Dataset records:
::::

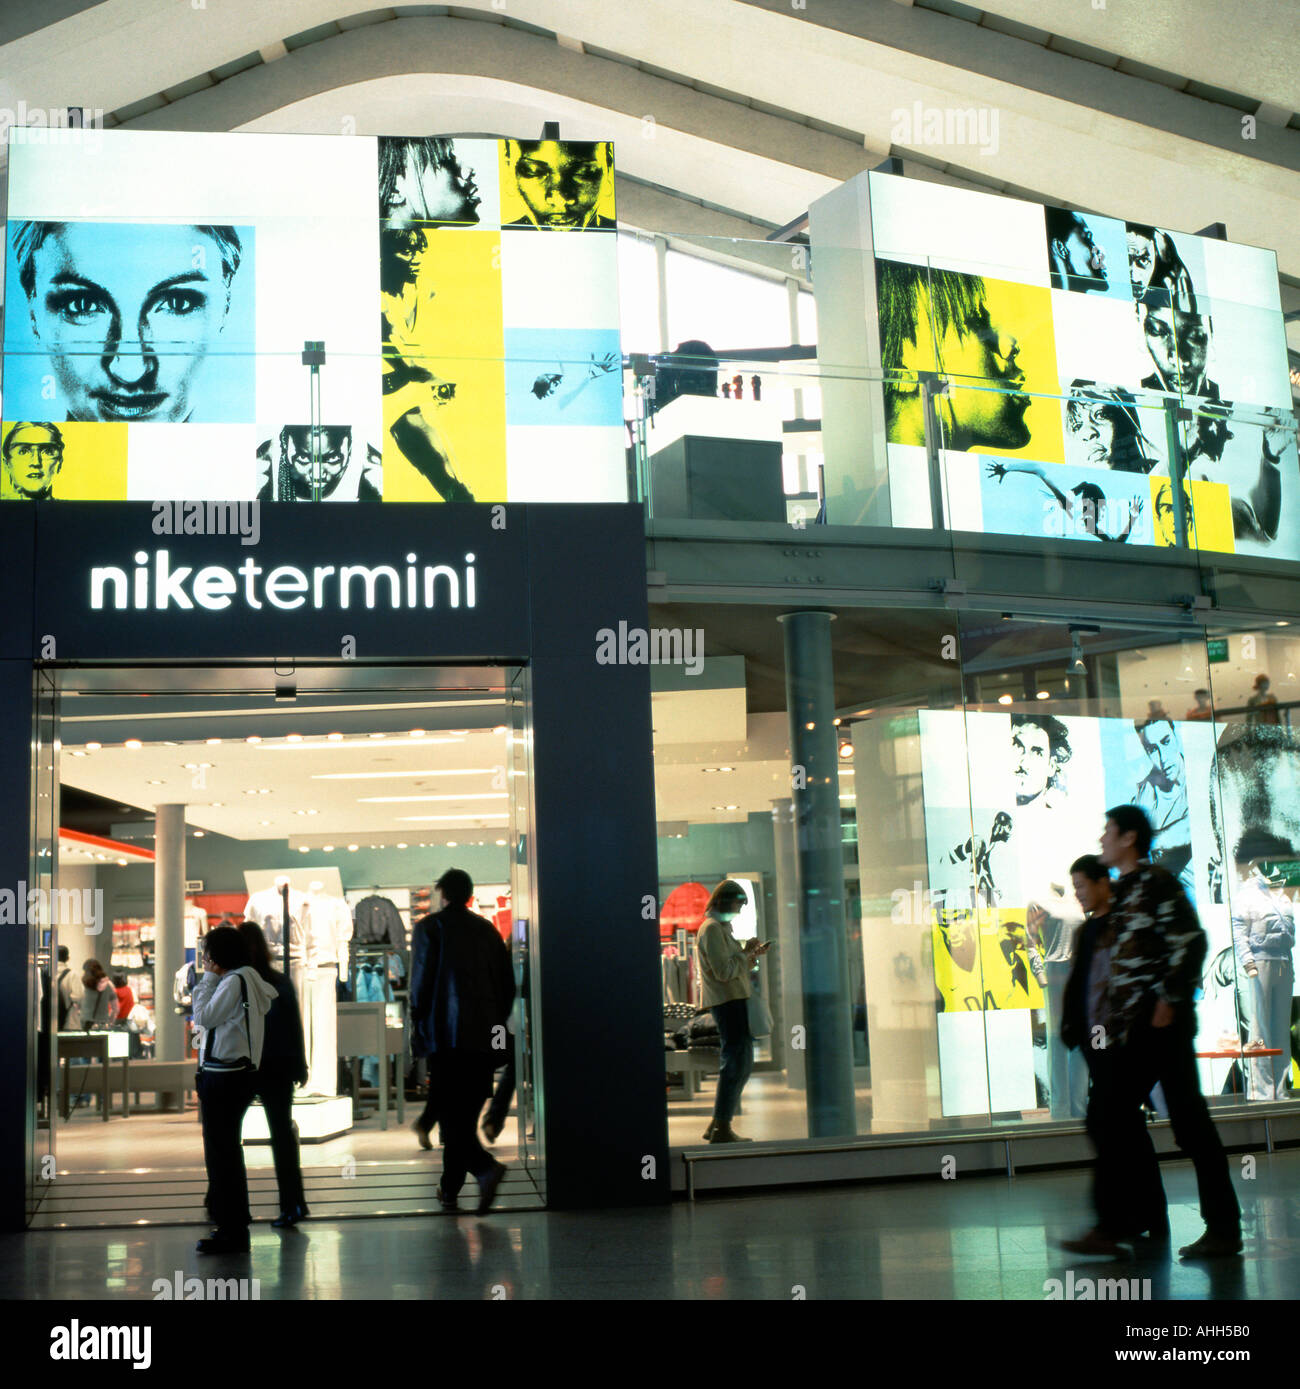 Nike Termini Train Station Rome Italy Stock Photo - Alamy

::::

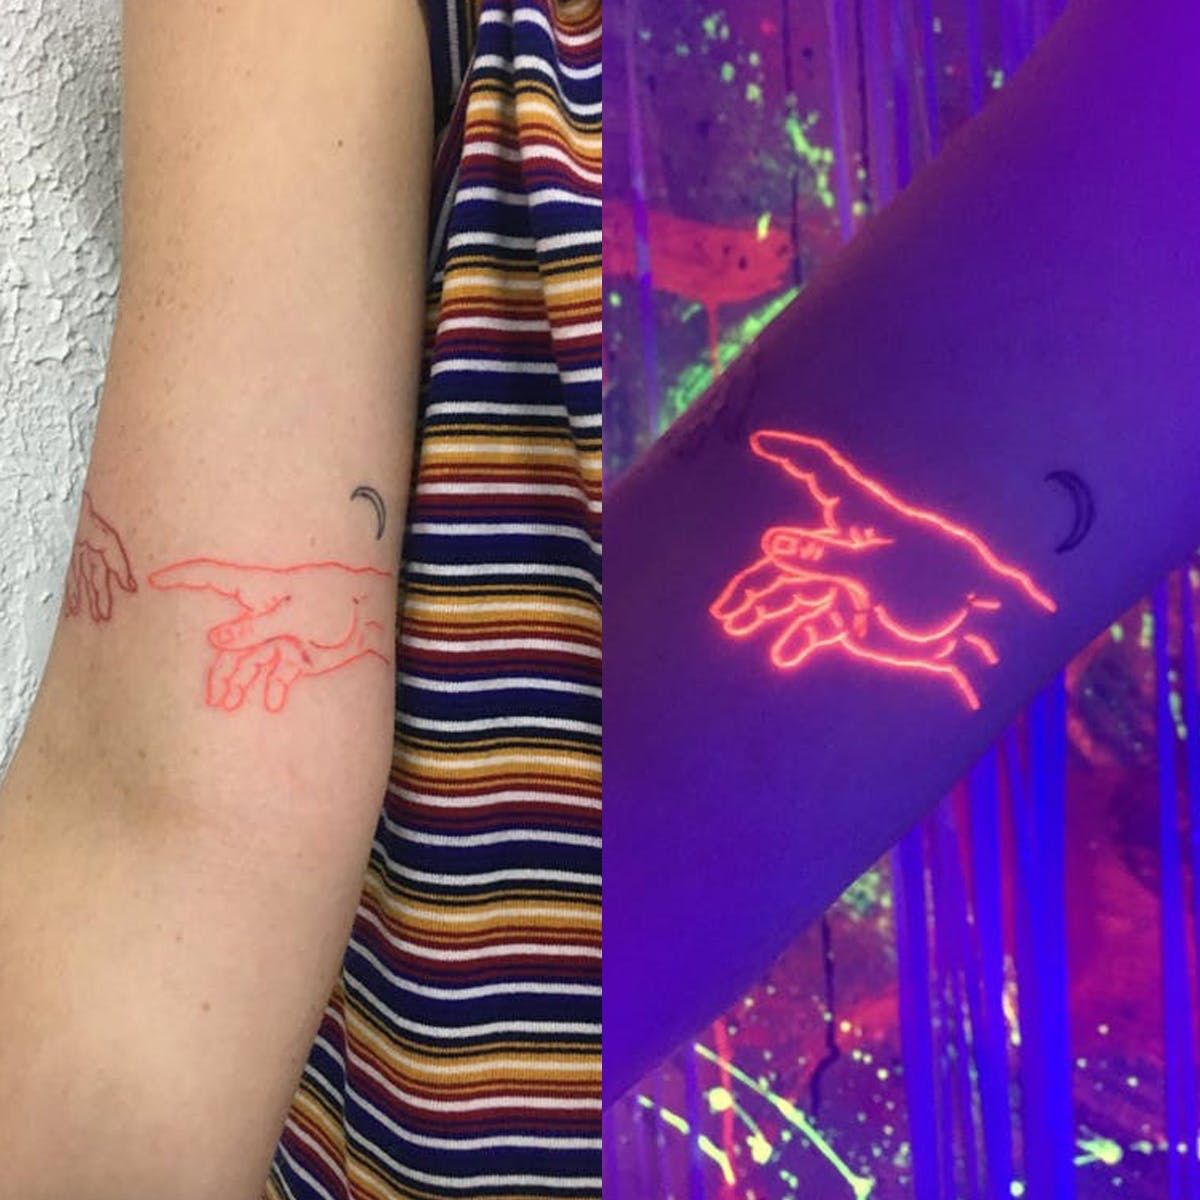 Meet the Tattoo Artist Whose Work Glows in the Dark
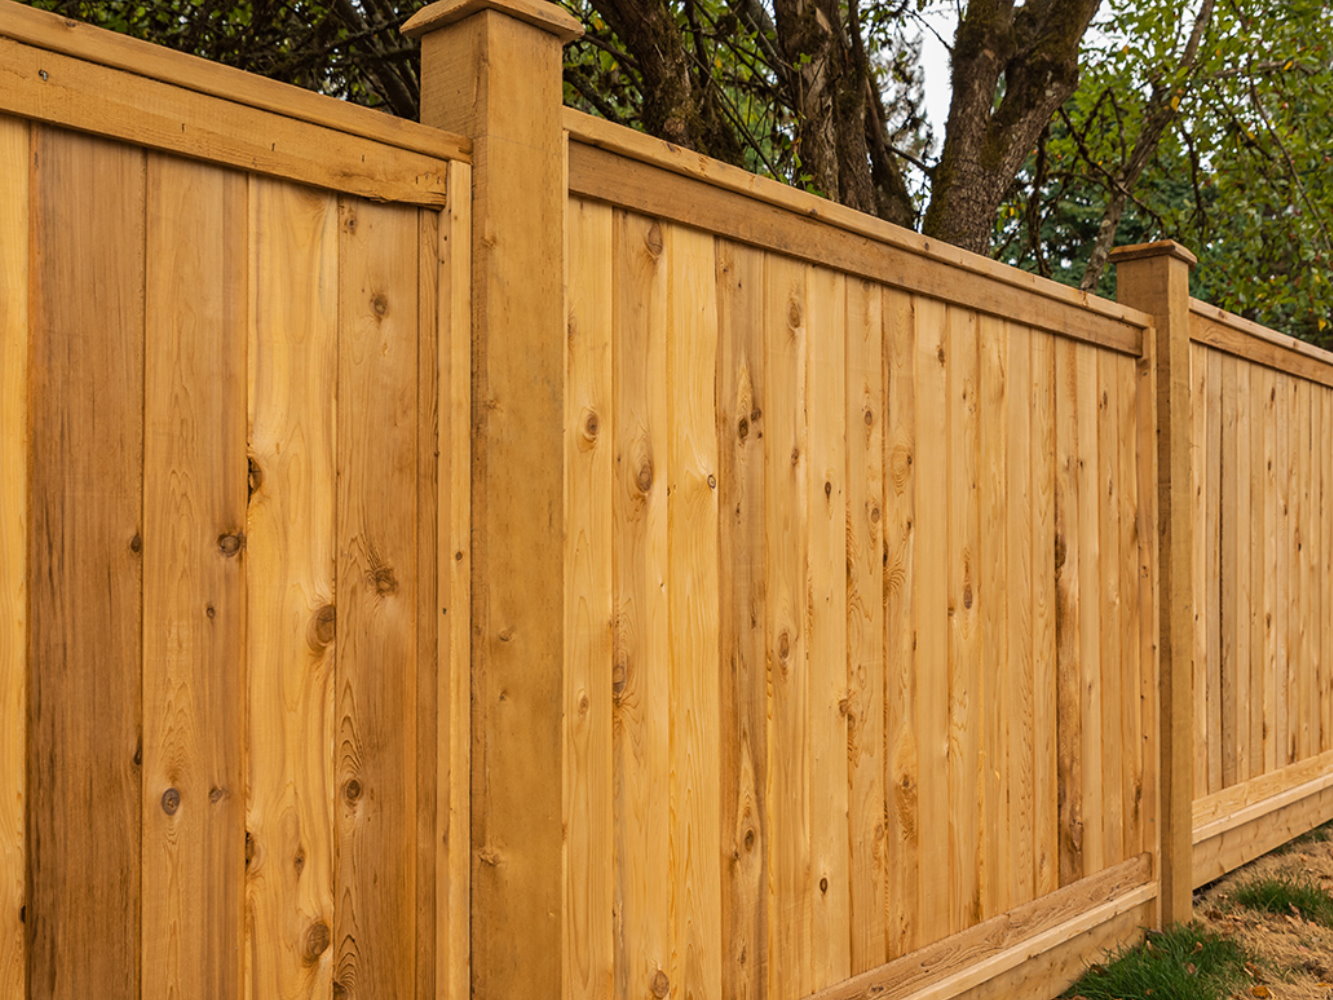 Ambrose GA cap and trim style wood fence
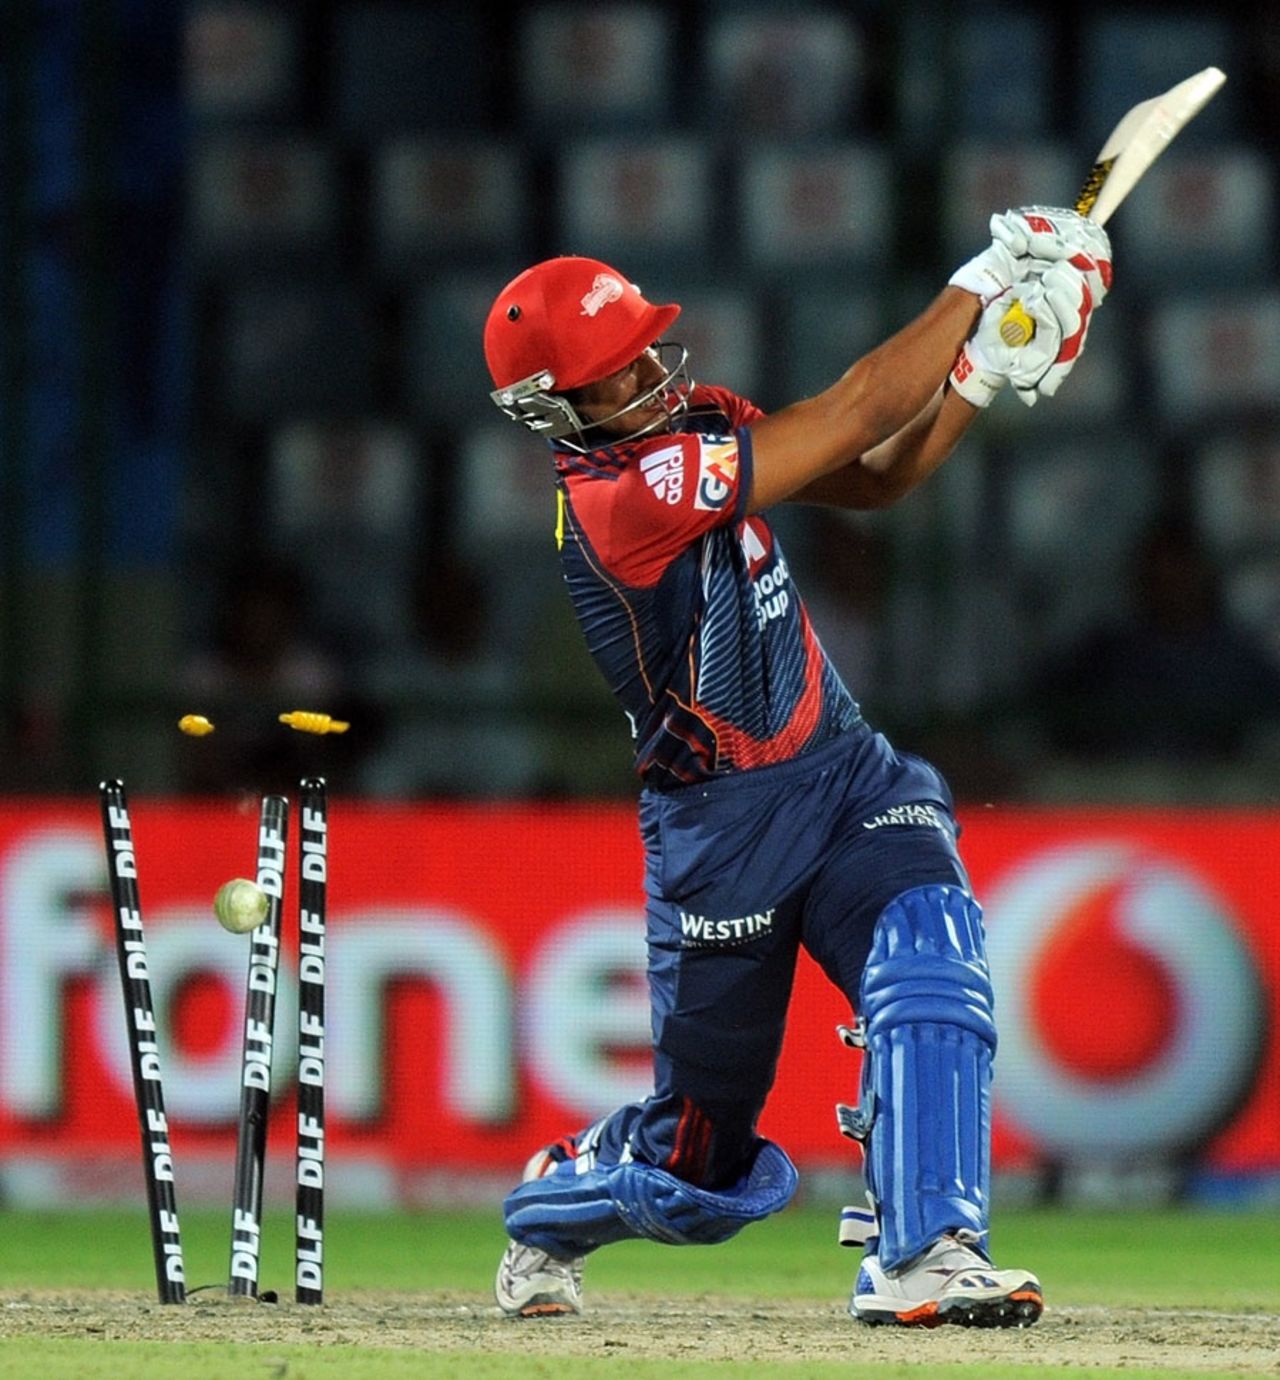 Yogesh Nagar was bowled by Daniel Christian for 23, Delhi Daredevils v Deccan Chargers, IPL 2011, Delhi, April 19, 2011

::::

Your task:
Excerpt from the records above: set down only the lines from the one that contains "Ambrose GA cap and trim style wood fence" through the one that contains "Yogesh Nagar was", inclusive, word for word. Pictures stay out.

The completed task:
 Ambrose GA cap and trim style wood fence
 Yogesh Nagar was bowled by Daniel Christian for 23, Delhi Daredevils v Deccan Chargers, IPL 2011, Delhi, April 19, 2011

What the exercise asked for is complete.